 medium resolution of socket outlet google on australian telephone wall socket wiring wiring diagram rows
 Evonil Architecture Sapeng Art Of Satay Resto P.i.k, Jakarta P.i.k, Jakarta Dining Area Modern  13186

--- --- ---

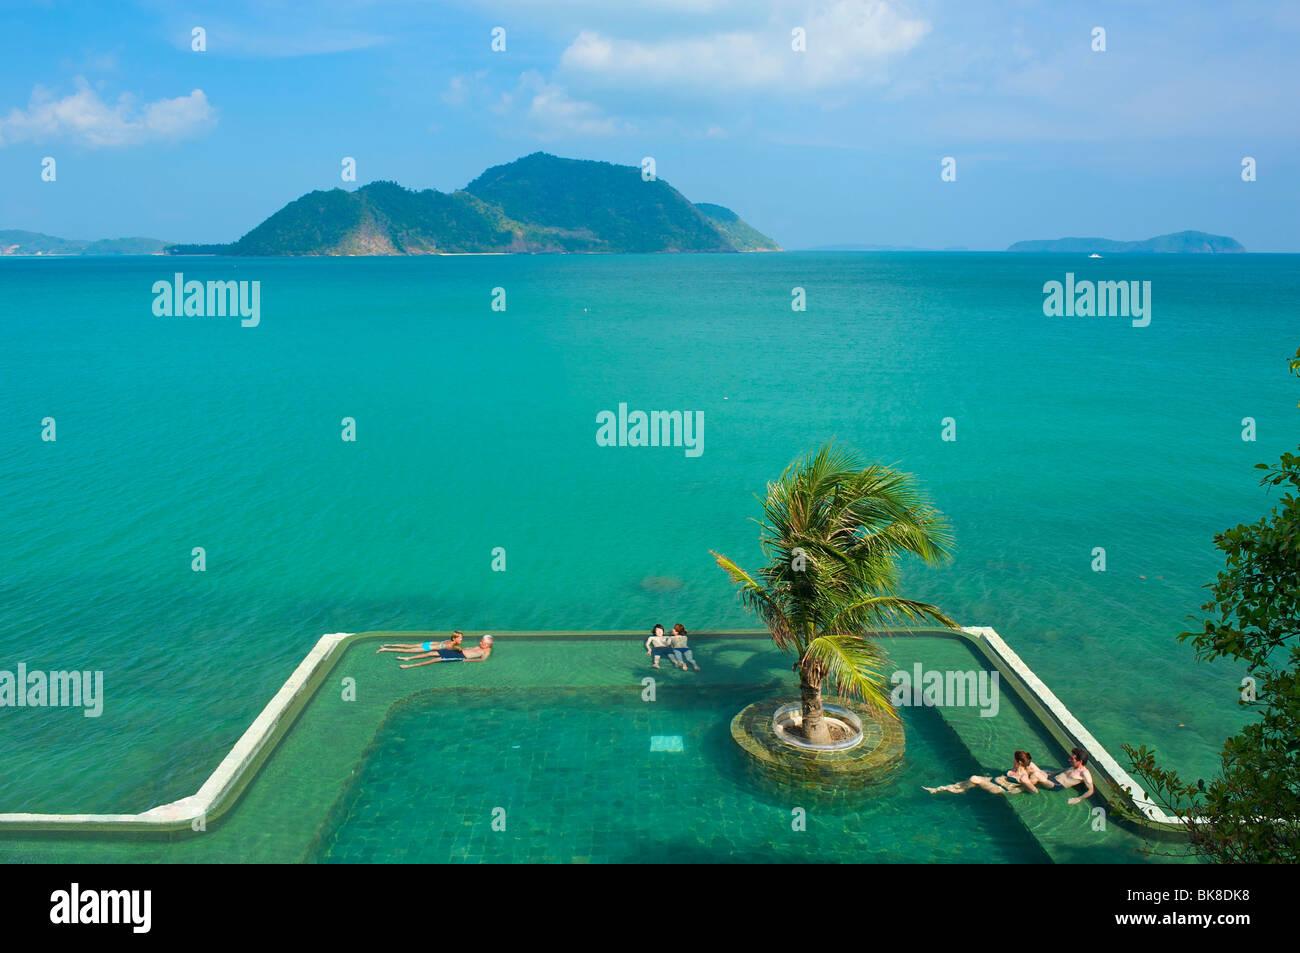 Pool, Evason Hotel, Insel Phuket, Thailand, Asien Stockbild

--- --- ---

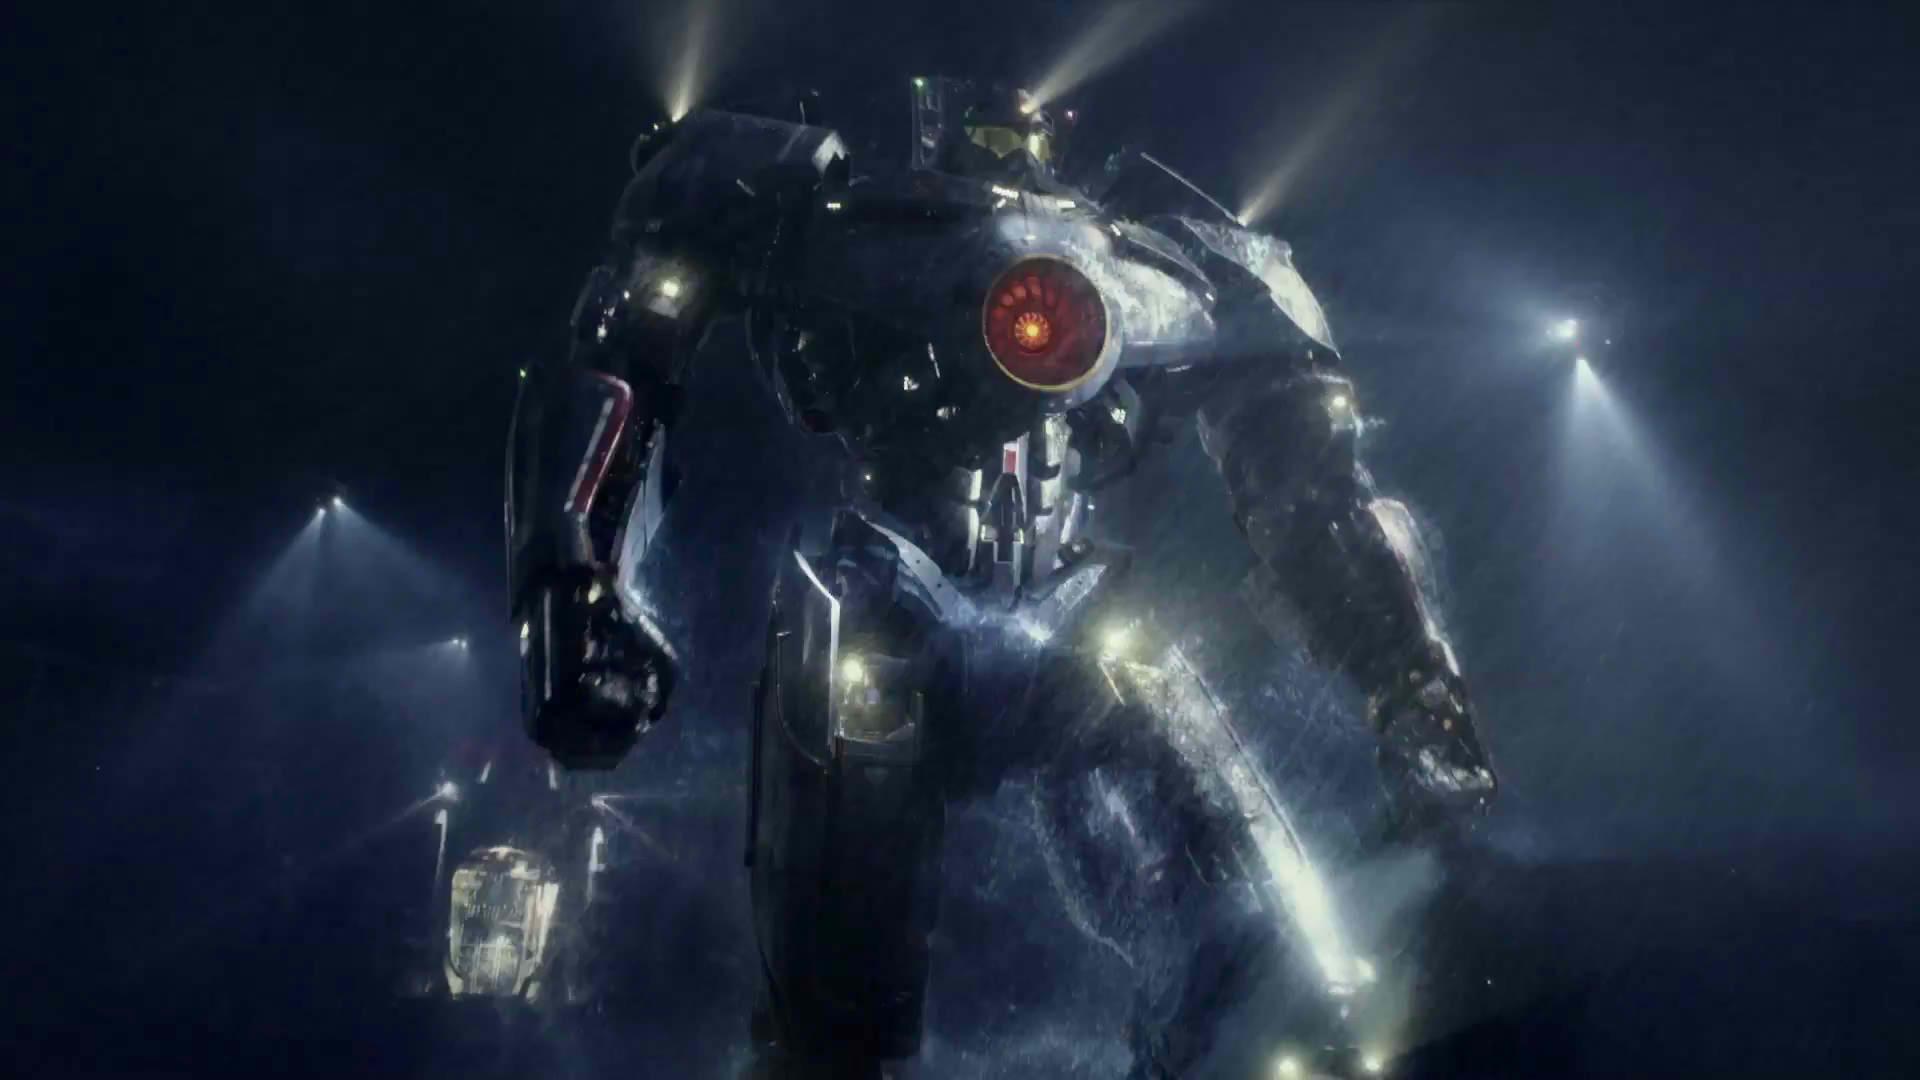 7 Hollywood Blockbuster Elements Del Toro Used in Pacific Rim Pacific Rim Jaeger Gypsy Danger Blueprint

--- --- ---

Exercise description
Only the lines above from the line with "medium resolution of" to the line with "Evonil Architecture Sapeng", those two lines included, should be reproduced exactly.

Your response
 medium resolution of socket outlet google on australian telephone wall socket wiring wiring diagram rows
 Evonil Architecture Sapeng Art Of Satay Resto P.i.k, Jakarta P.i.k, Jakarta Dining Area Modern  13186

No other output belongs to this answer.